On July 11, 2017, Cohen Milstein, on behalf of Plaintiff, Carlos Pelico Lopez, as the Personal Representative for the Estate of his deceased daughter, Y.A.P., filed a Second Amended Complaint against Defendants Heritage Square Agency, Howe, Inc., Yorktown Association, Inc., Georgetown Association, Inc., Howe, Inc., and Jamestown Association, Inc., for the drowning death of Plaintiff’s daughter that occurred on their property. This matter is set for trial starting October 29, 2018, in the Circuit Court of the 15th Judicial Circuit, Palm Beach County, Florida.

Case Background

On September 30, 2016, in the late afternoon, Y.A.P. drowned in an unsupervised, freely accessible pool that was owned, operated, and maintained by the Defendants. She and her friend, D.N., had just finished their homework at D.N.’s parents’ Jamestown apartment. At the pool, they met another friend, L.L. Despite not having a key to access the pool area, they were able to enter through an unlocked, unsecured gate. Despite the bad, stormy weather, the three children played for some time, engaging in horseplay, and pushing each other into the pool. Unfortunately, Y.A.P. could not swim.

Despite L.L.’s best efforts, he was not able to get Y.A.P. help in time. The safety hook and flotation device were partially hidden. The pool’s thick, colored safety line was in a closed storage closet. The Defendants had no one watching, attending, or supervising the pool, nor did they have anyone within earshot. The only help L.L. could find was a UPS driver who just happened to be delivering a package nearby. Tragically, by the time emergency crews arrived, Y.A.P. was unresponsive. The family removed her from life support the following day.

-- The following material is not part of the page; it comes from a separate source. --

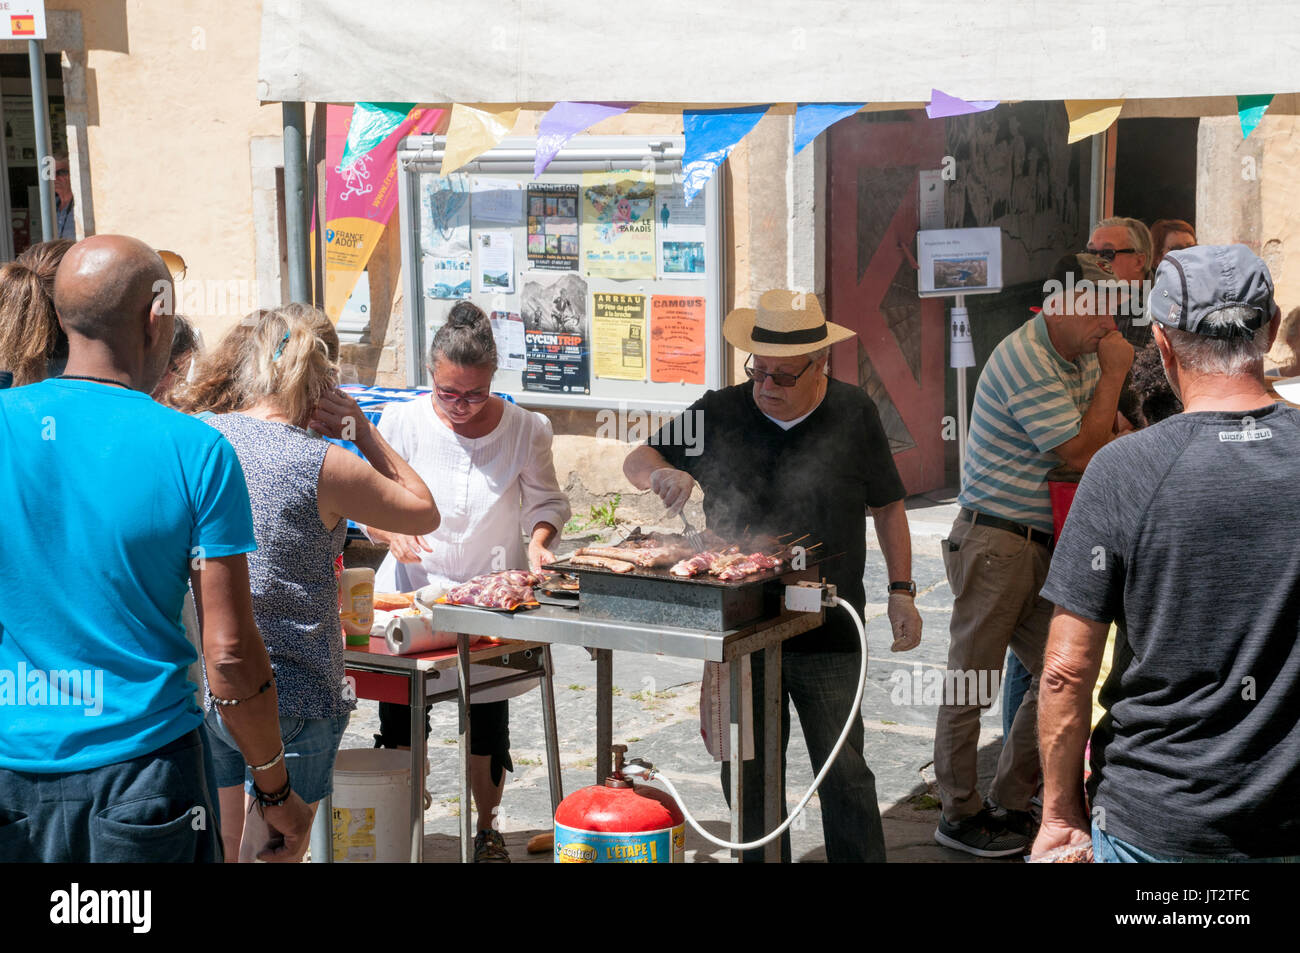 Sunday Market at Arreau, Hautes-Pyrénées, France. Stock Photo

The Plaintiff contends that his daughter’s death was preventable. In Florida, an owner of a public pool has a duty to make sure that pool is reasonably safe, including controlling access to the pool by minors. For instance, Chapter 64E-9 of Florida’s Administrative Code requires all public pools to have an “effective barrier,” which means an alarm and/or key lock or self-locking doors and gates. The American National Standard for Public Swimming Pools requires that for pools not staffed by lifeguards or attendants that persons use a physical key or key card to enter. Here, the Defendants violated these and many other important safety rules.

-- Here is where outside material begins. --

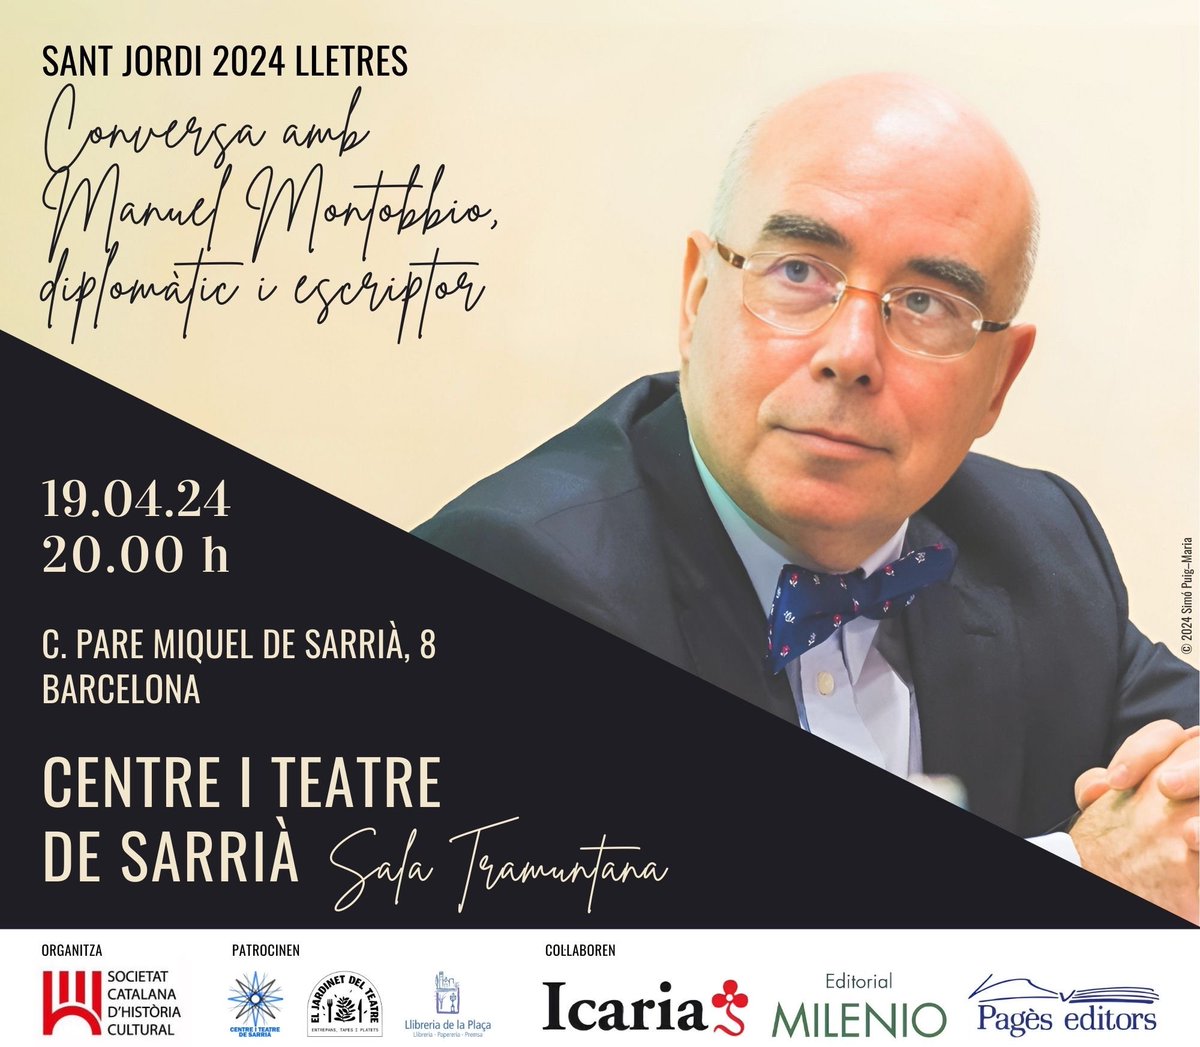 En @ManuelMontobbio serà el protagonista del Sant Jordi 2024 Lletres, organitzat per la Societat Catalana d’Història Cultural @histcultcat. L’esdeveniment tindrà lloc el divendres 19 d’abril, a les 20:00, al Centre i Teatre de Sarrià

Through this lawsuit the Plaintiff intends to hold the Defendants accountable for the death of his daughter and is seeking to be made whole from the harms, losses, and damages that was caused by their negligence.

The case is Pelico v. Yorktown Association Inc., Case No. 5 0-2017-CA-002941-XXXX,  in the Circuit Court of the 15th Judicial Circuit in and for Palm Beach County, Florida.